>>
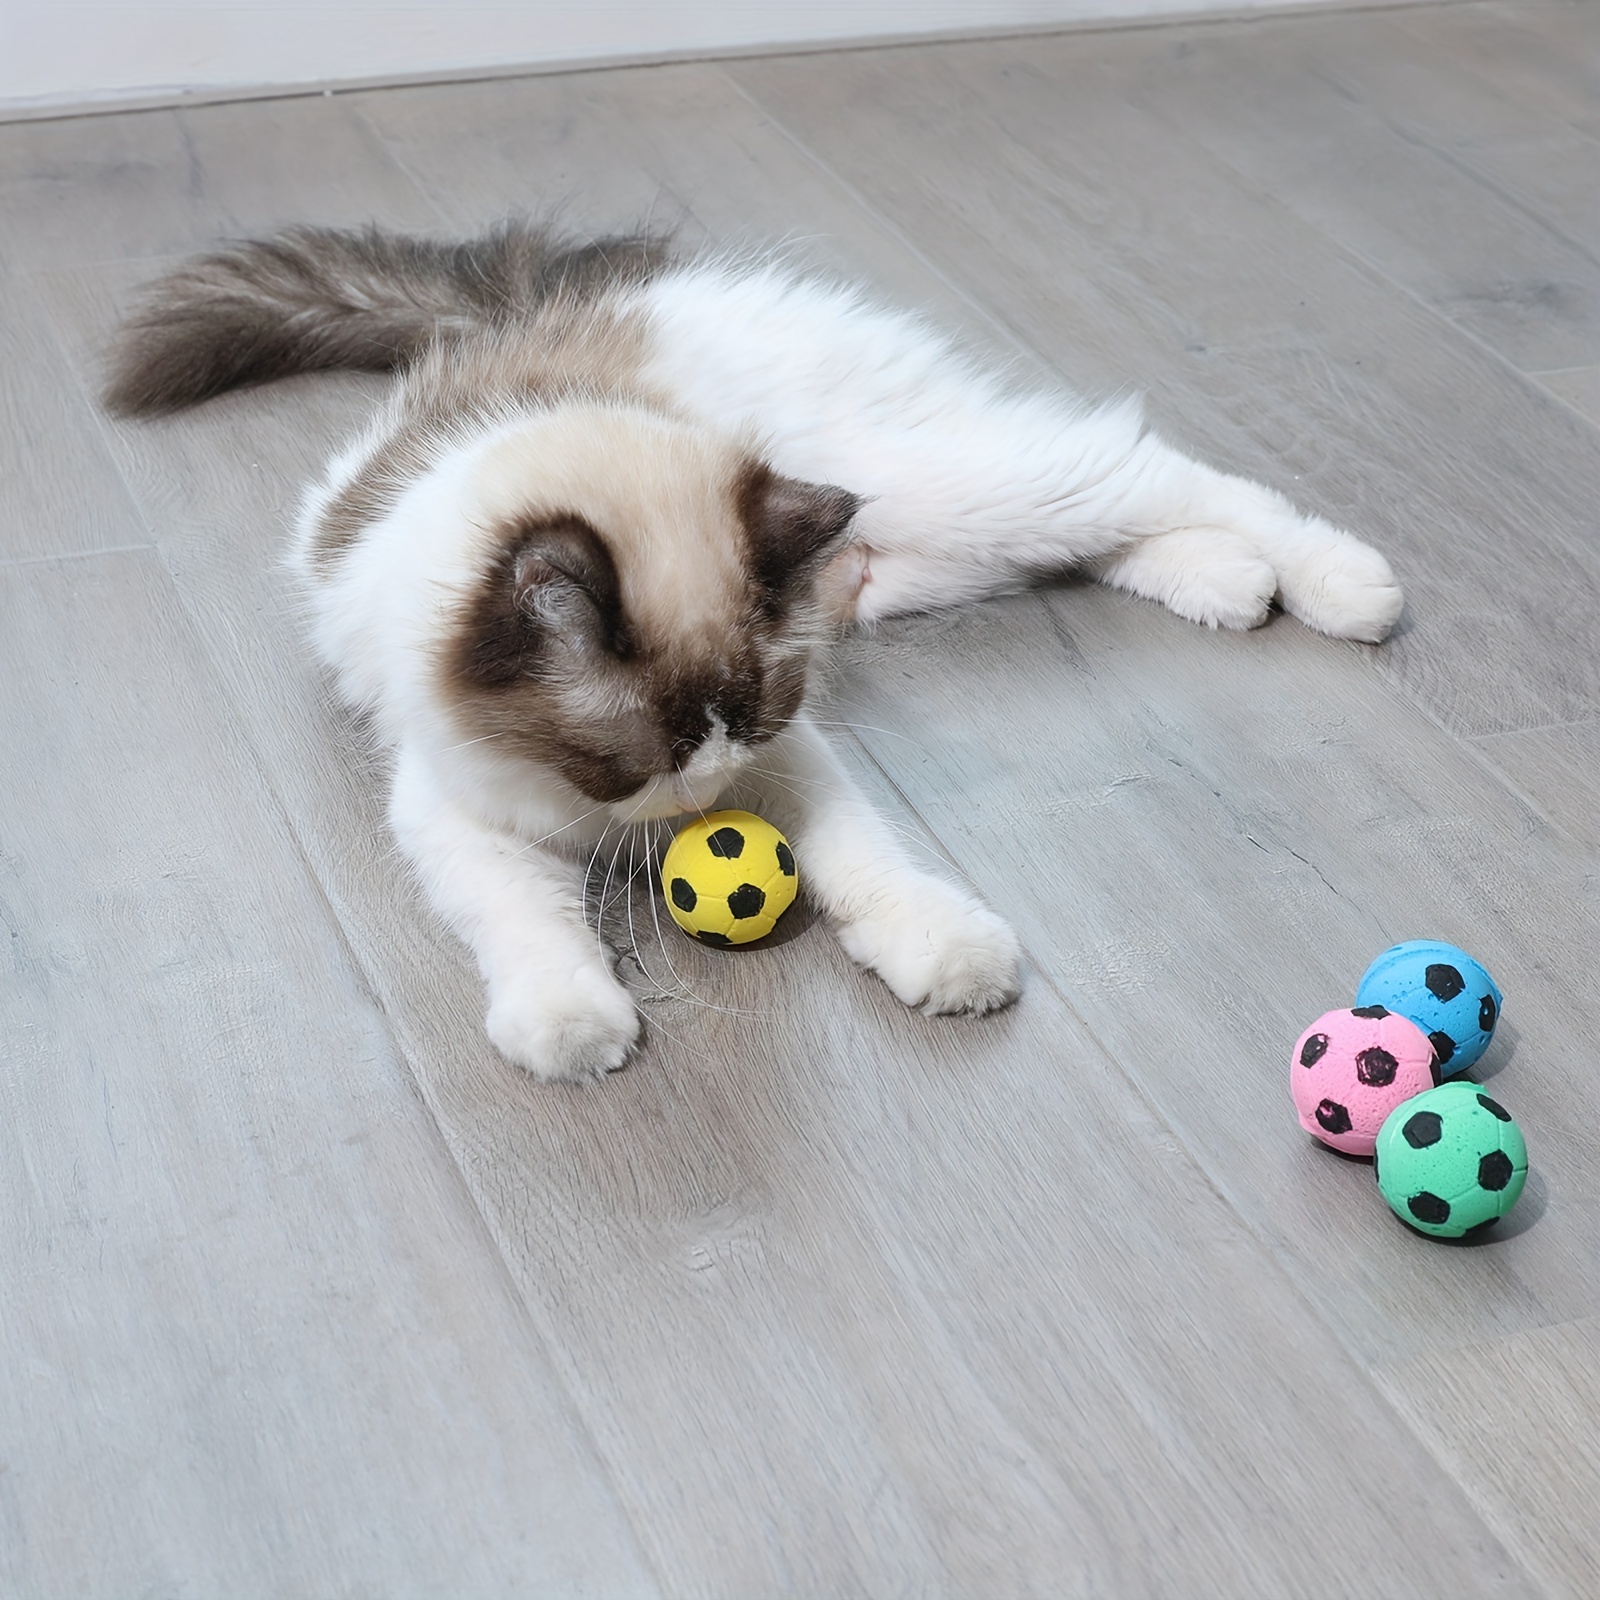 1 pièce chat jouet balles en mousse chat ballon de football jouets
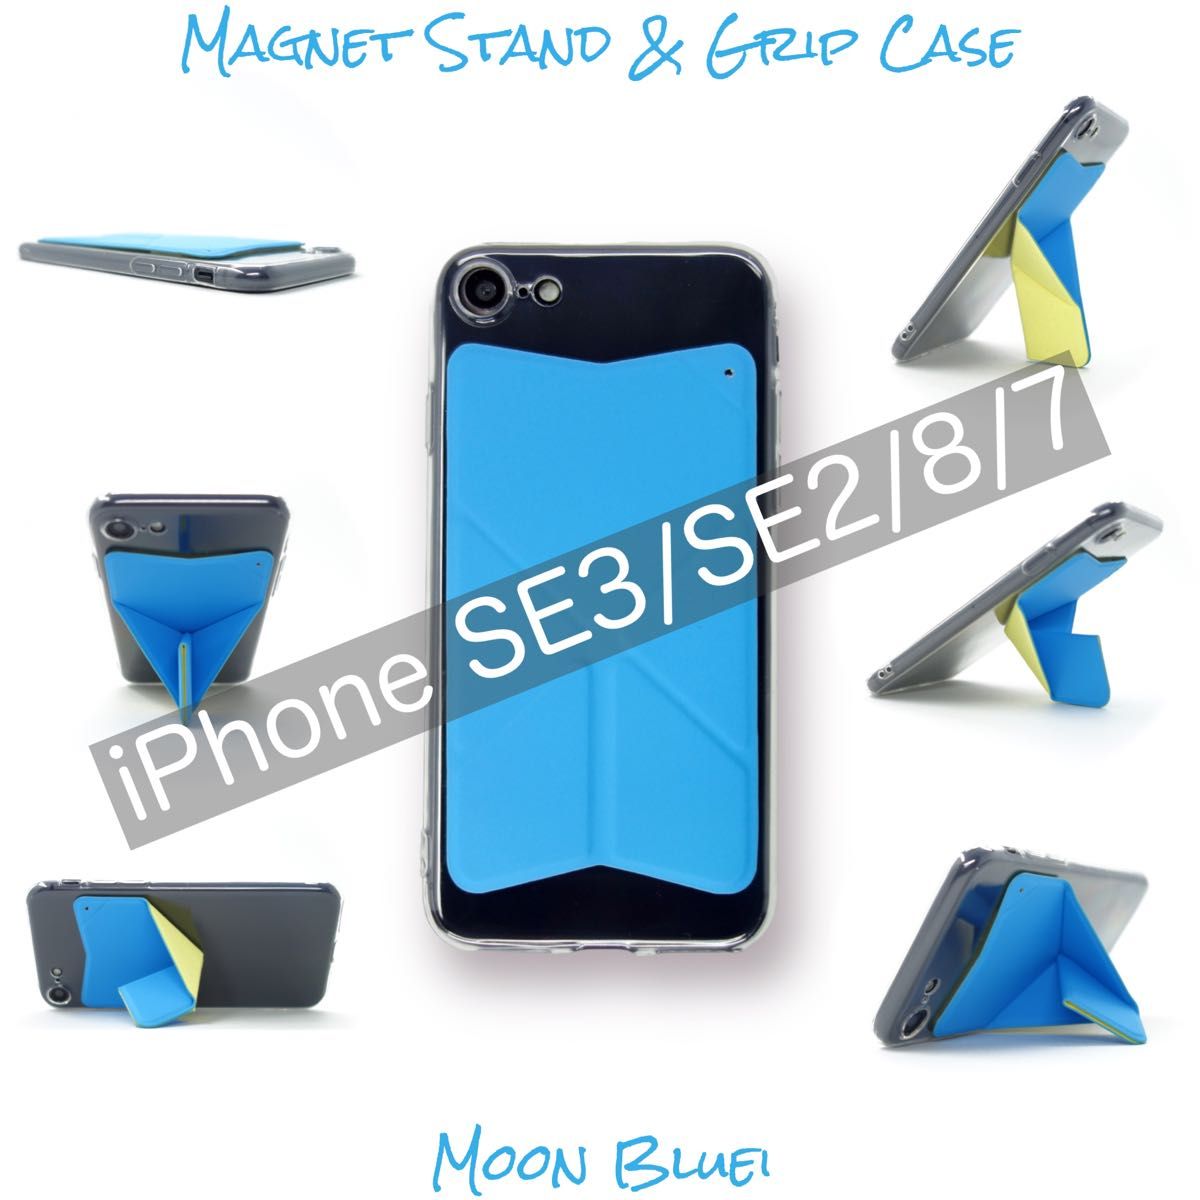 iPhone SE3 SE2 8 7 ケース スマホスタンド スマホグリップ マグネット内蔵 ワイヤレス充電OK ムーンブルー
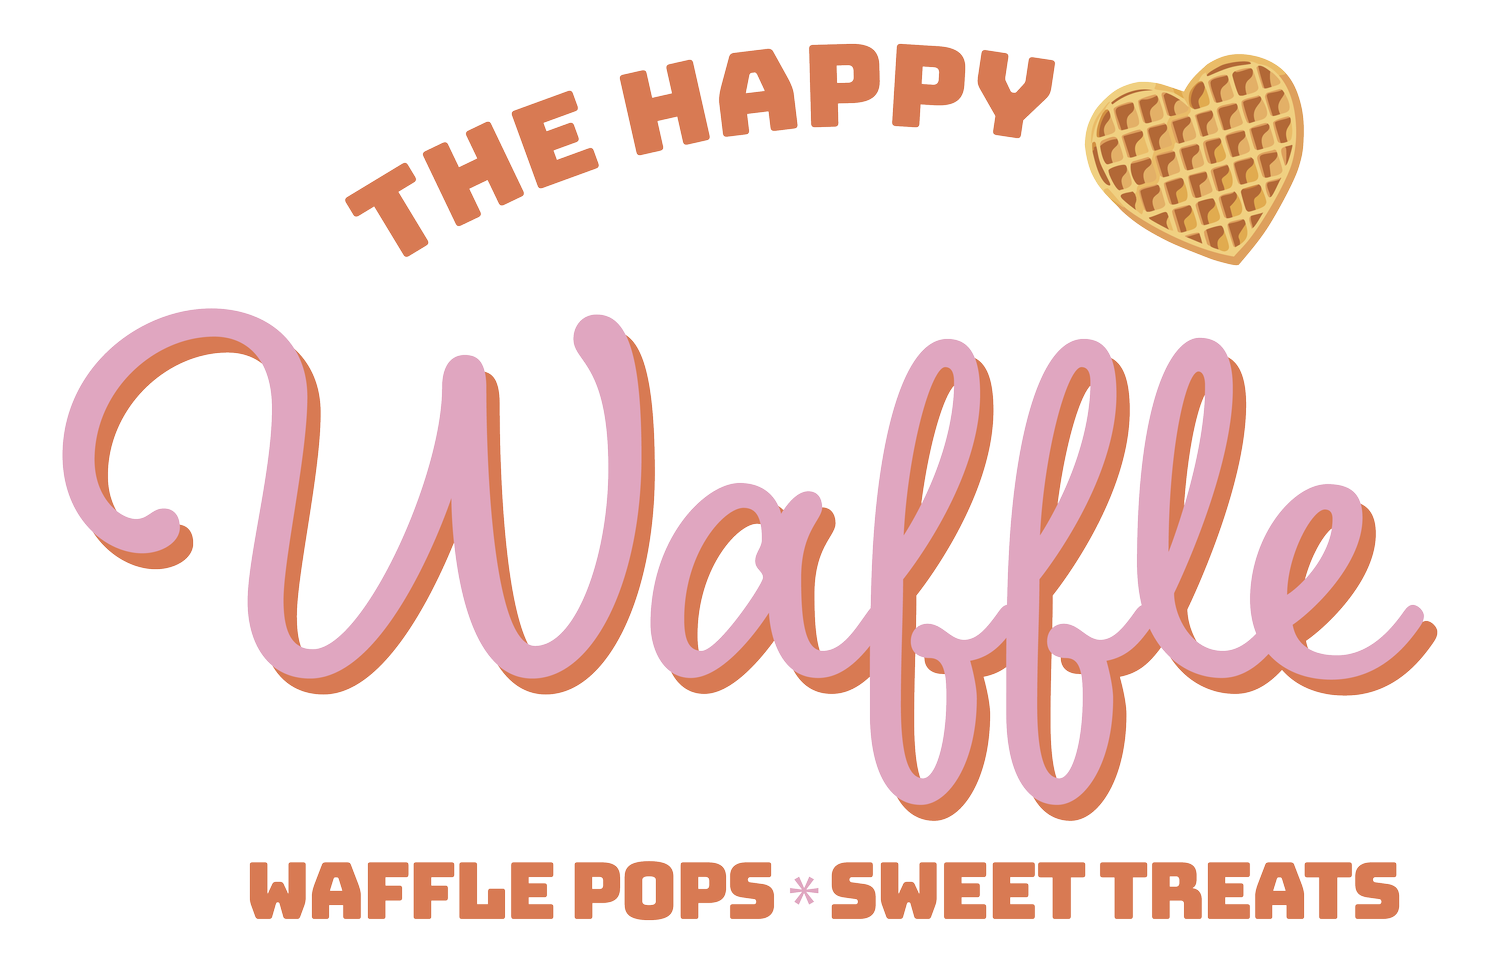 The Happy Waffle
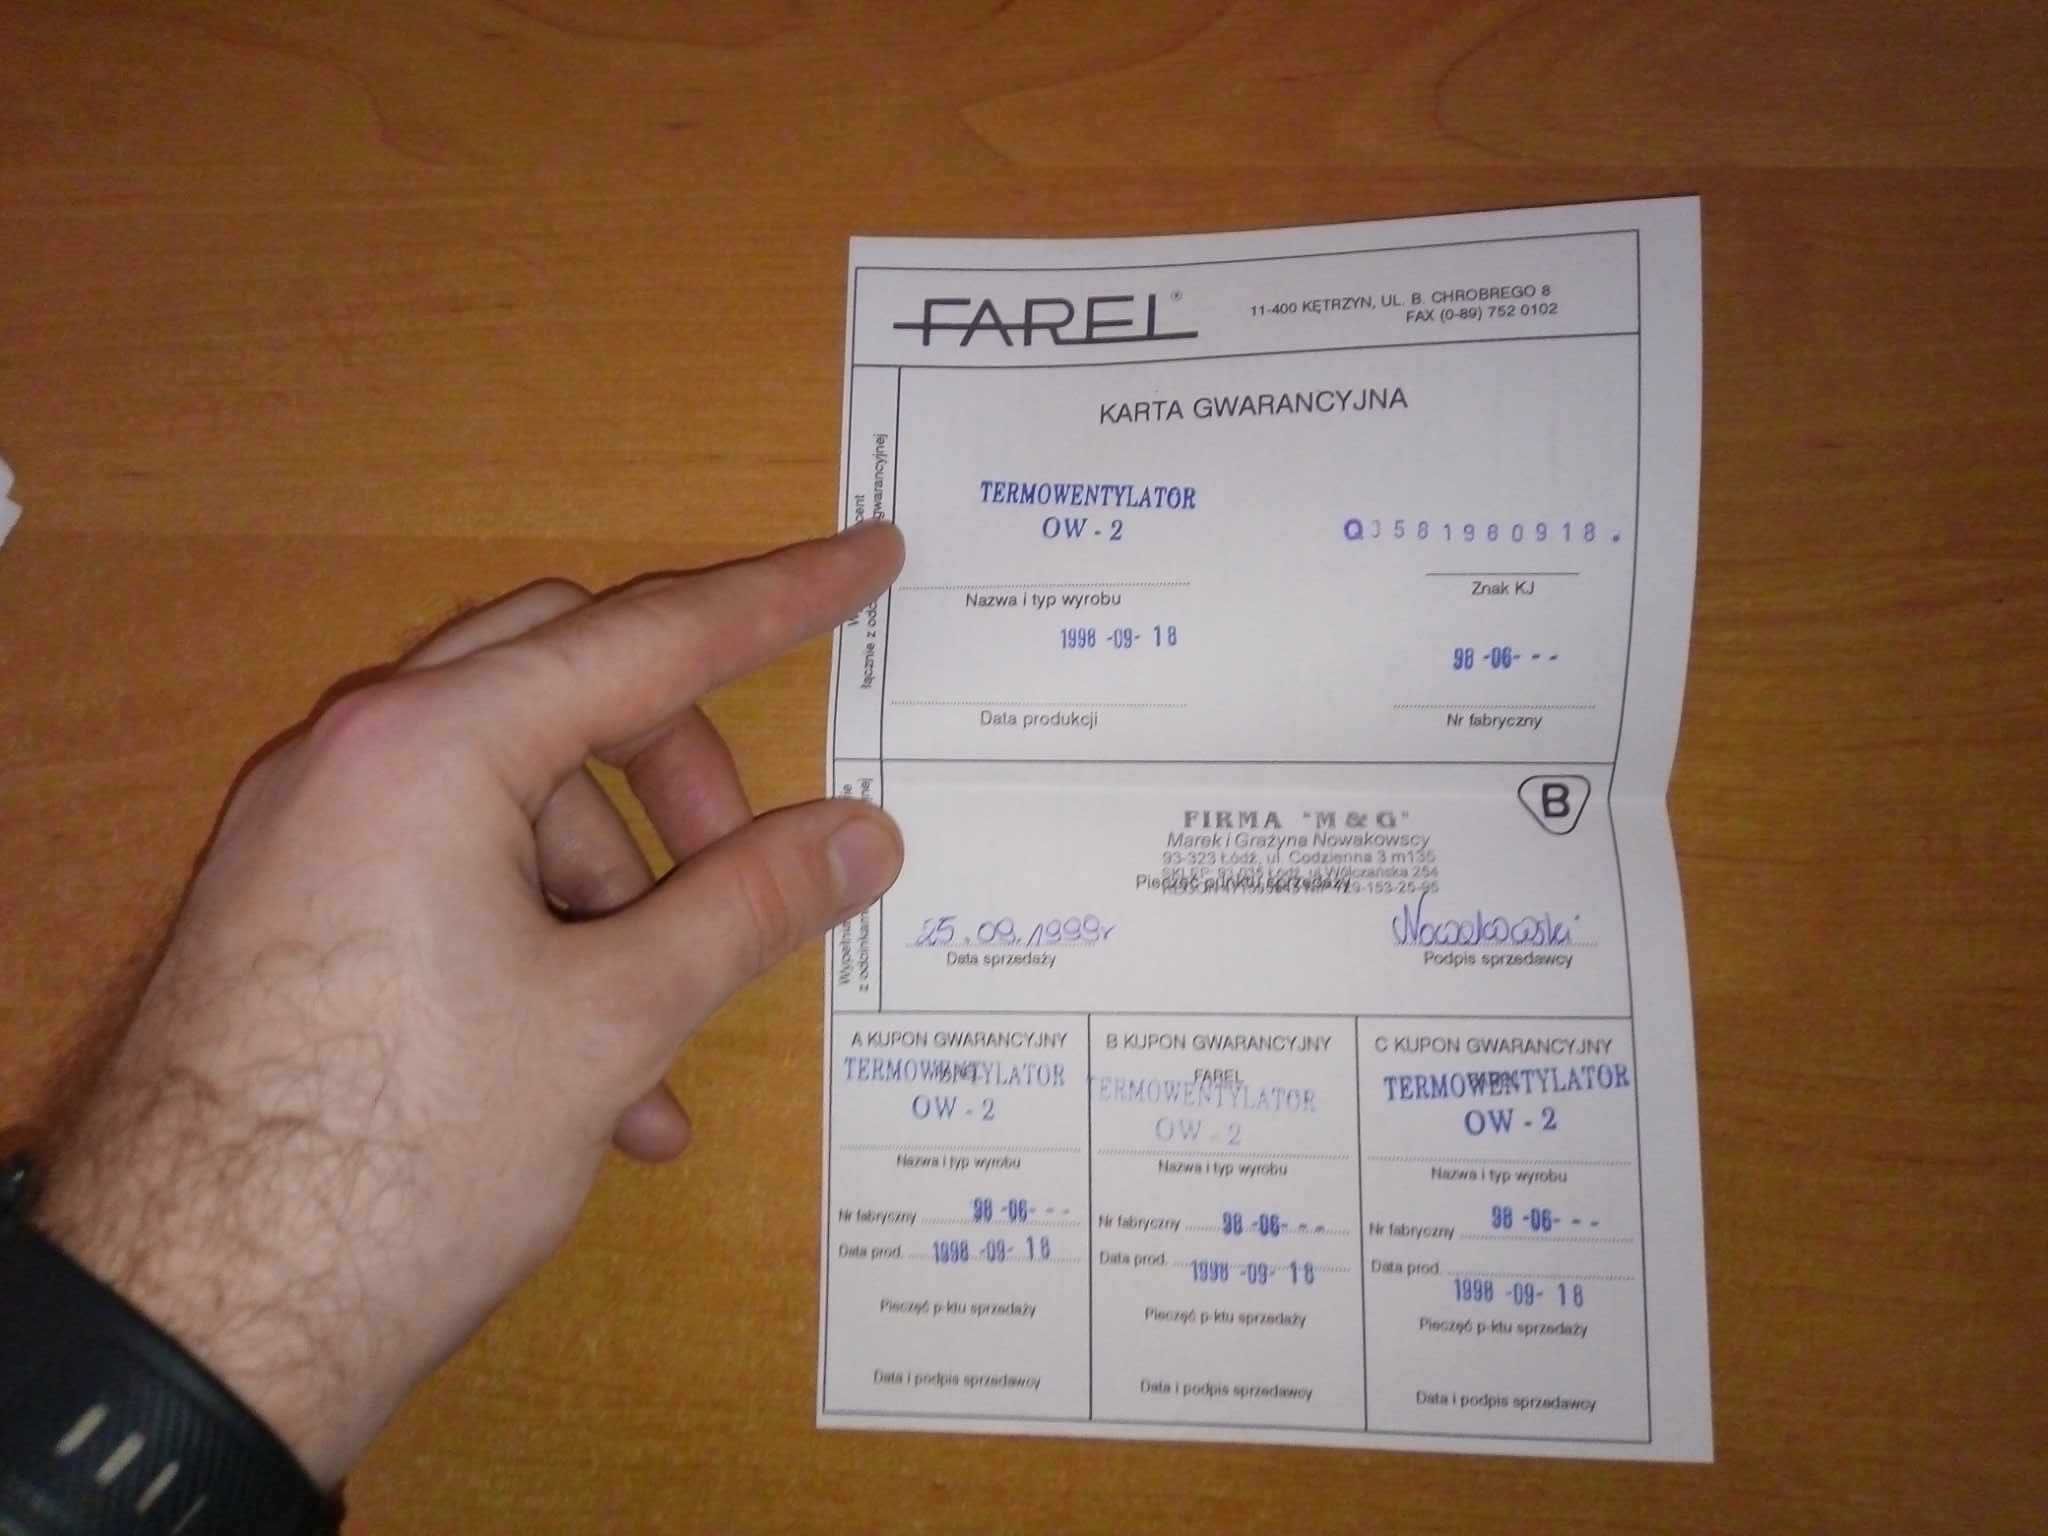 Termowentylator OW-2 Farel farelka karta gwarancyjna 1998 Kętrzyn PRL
<<
◆ **PROBLEM TO WORK ON**:
Copy nothing but the lines from the line that contains "The Happy Waffle" through the end of the listing, exactly, and keep pictures out of it.

◆ **SOLUTION TO THE PROBLEM**:
 The Happy Waffle
 Termowentylator OW-2 Farel farelka karta gwarancyjna 1998 Kętrzyn PRL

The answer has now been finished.